**TASK PROMPT:** Restate the listing below word for word, omitting any images.

___ SUPPLIED INFORMATION ___

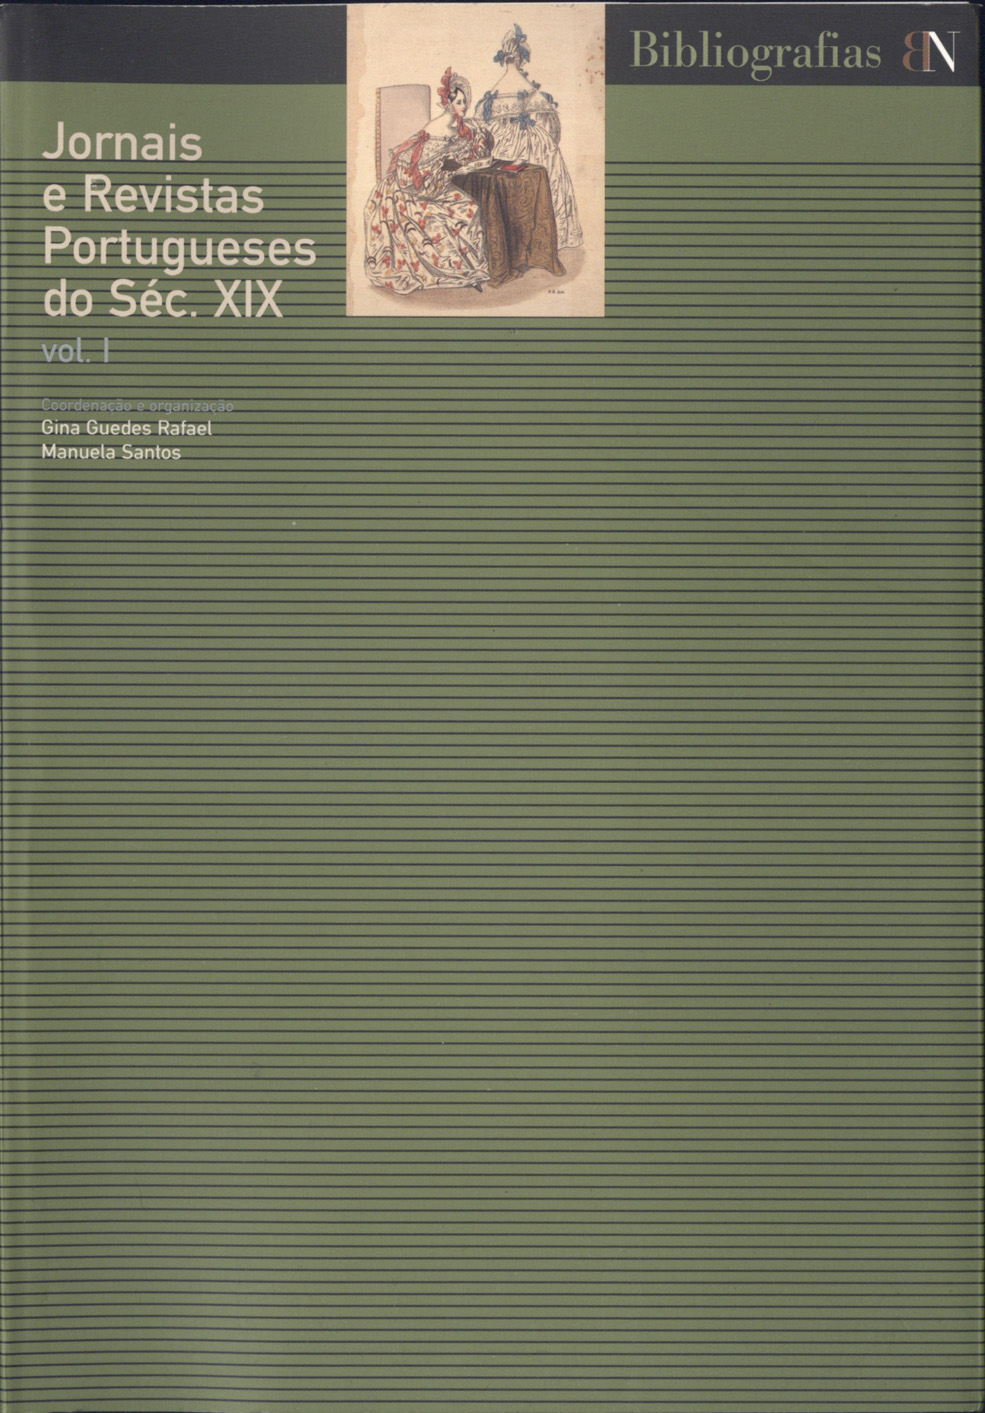 Jornais e Revistas Portugueses do Séc. XIX.
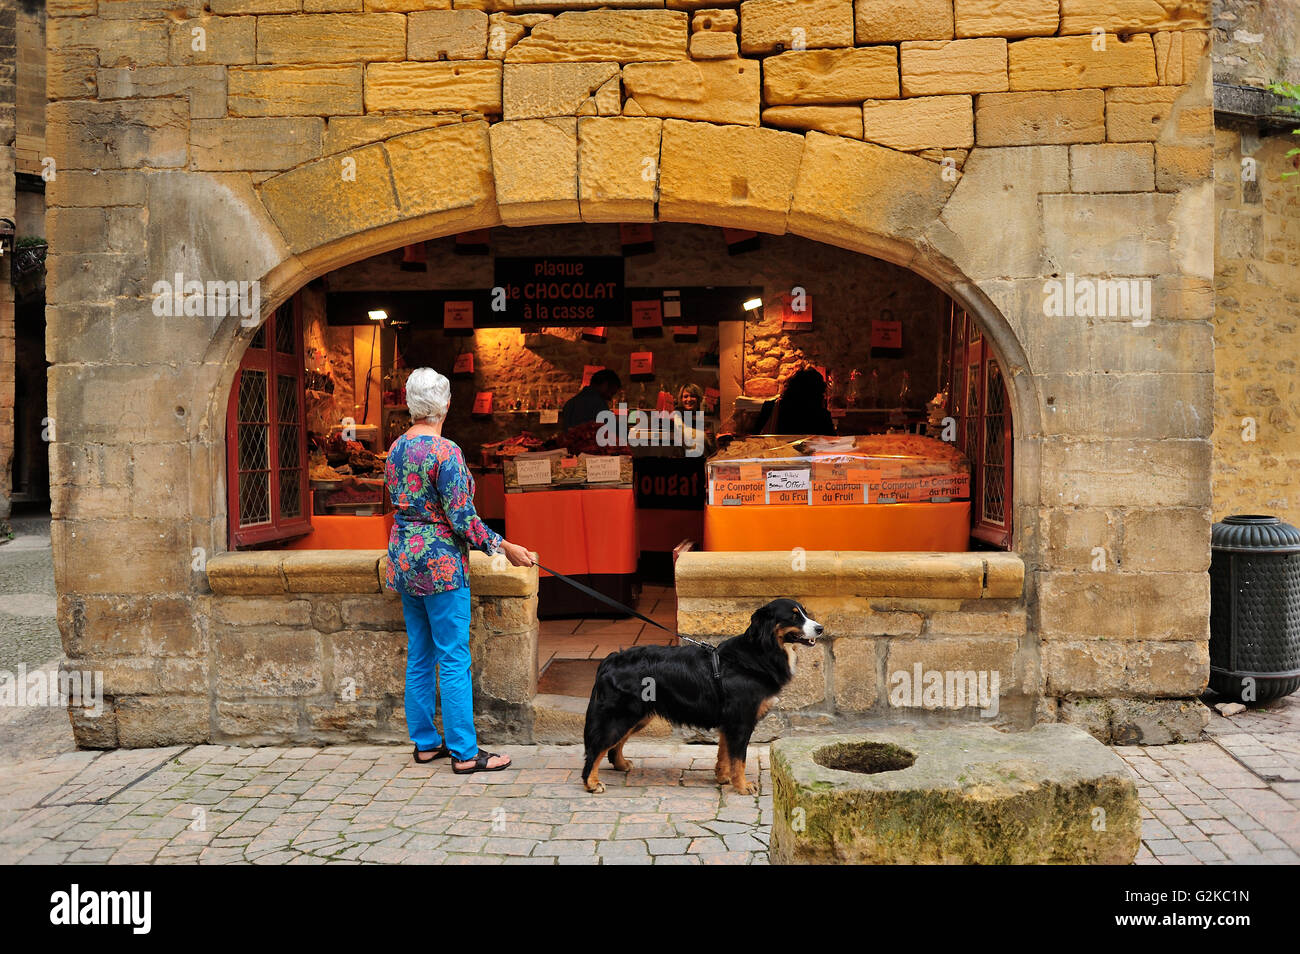 shop front, Place de la Liberte, Sarlat-la-Caneda, Dordogne Department, Aquitaine, France Stock Photo
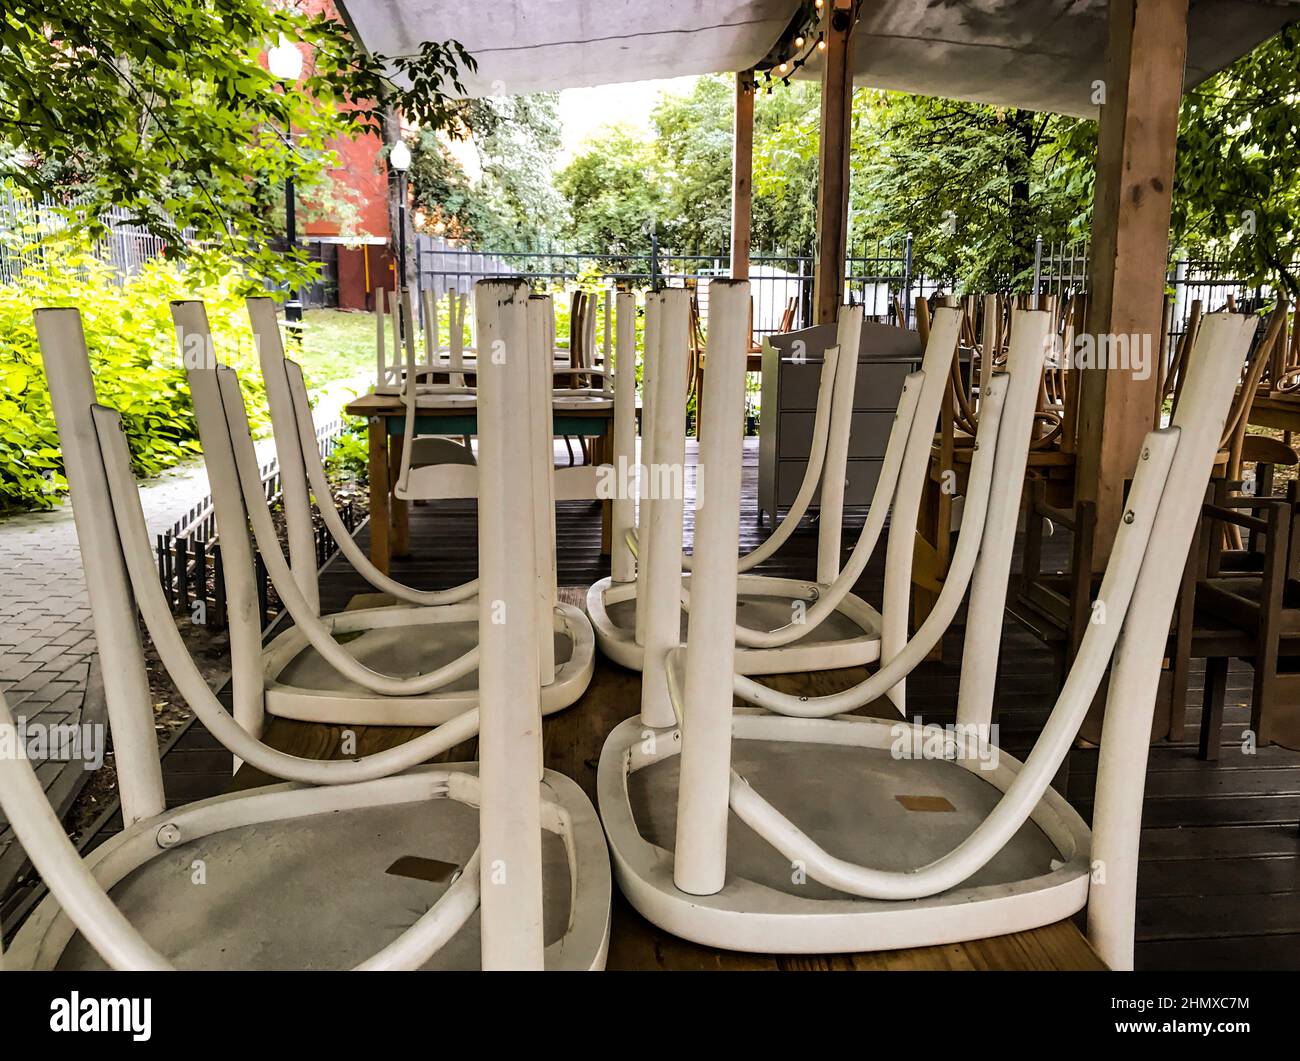 La terrazza estiva in legno del caffè è chiusa, non ci sono persone, le sedie sono ribaltate, alberi verdi sono tutto intorno. Foto Stock
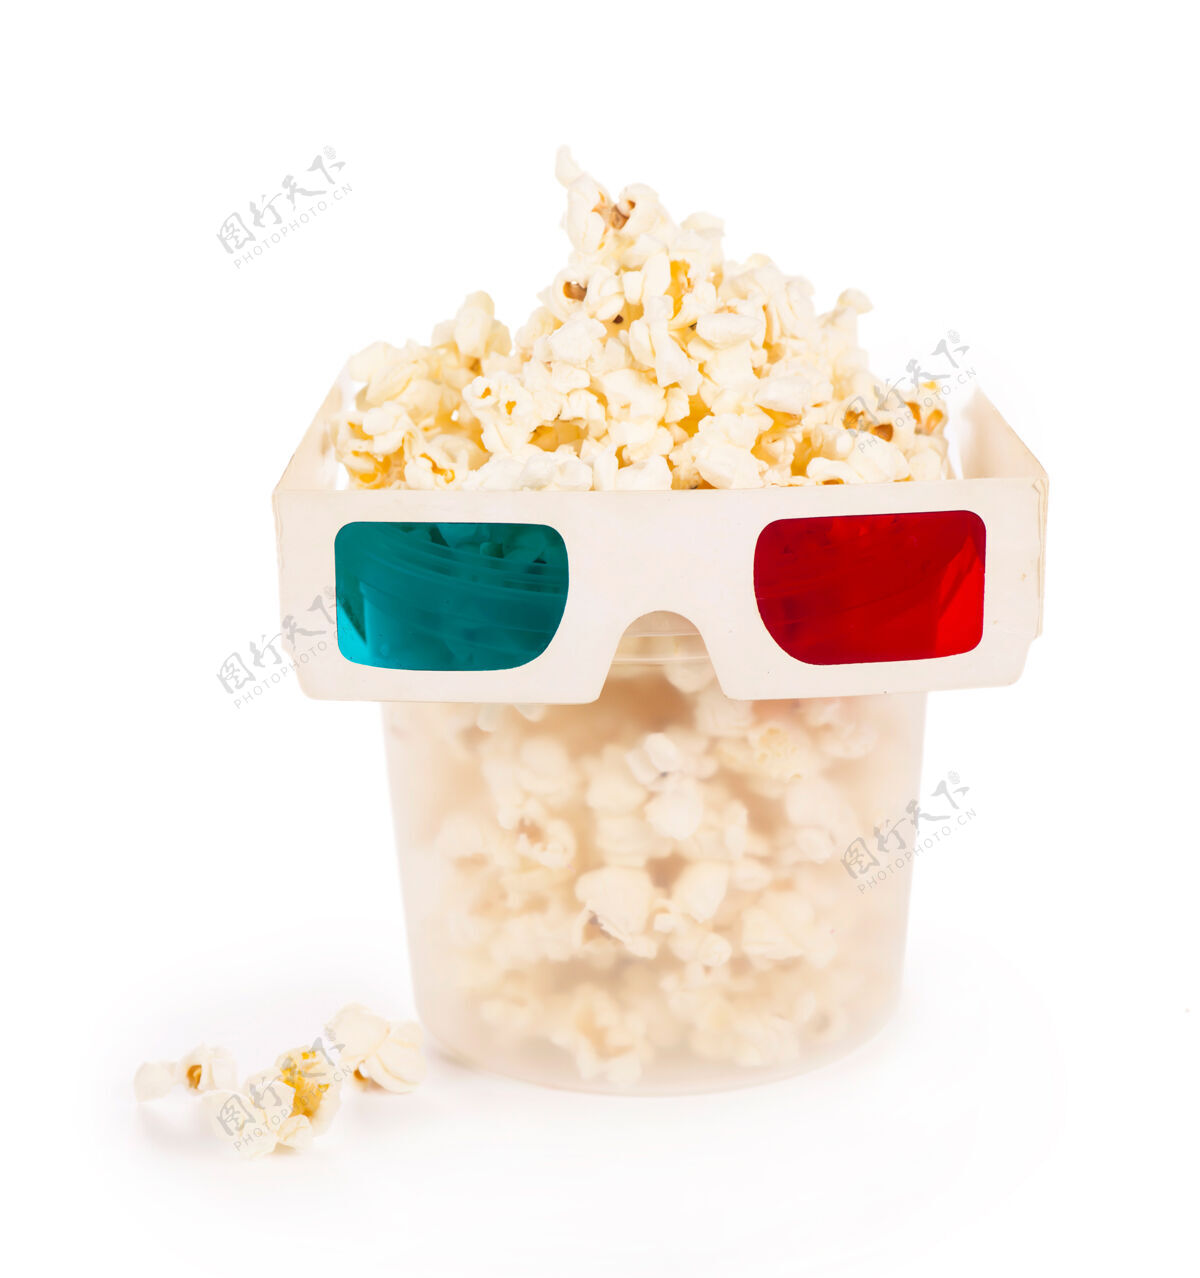 首映纸条纹桶爆米花和3d眼镜隔离在白色背景与剪辑路径电视倒影红色

___

**FINISHED TASK:**
 Jornais e Revistas Portugueses do Séc. XIX.
 shop front, Place de la Liberte, Sarlat-la-Caneda, Dordogne Department, Aquitaine, France Stock Photo
 La terrazza estiva in legno del caffè è chiusa, non ci sono persone, le sedie sono ribaltate, alberi verdi sono tutto intorno. Foto Stock
 首映纸条纹桶爆米花和3d眼镜隔离在白色背景与剪辑路径电视倒影红色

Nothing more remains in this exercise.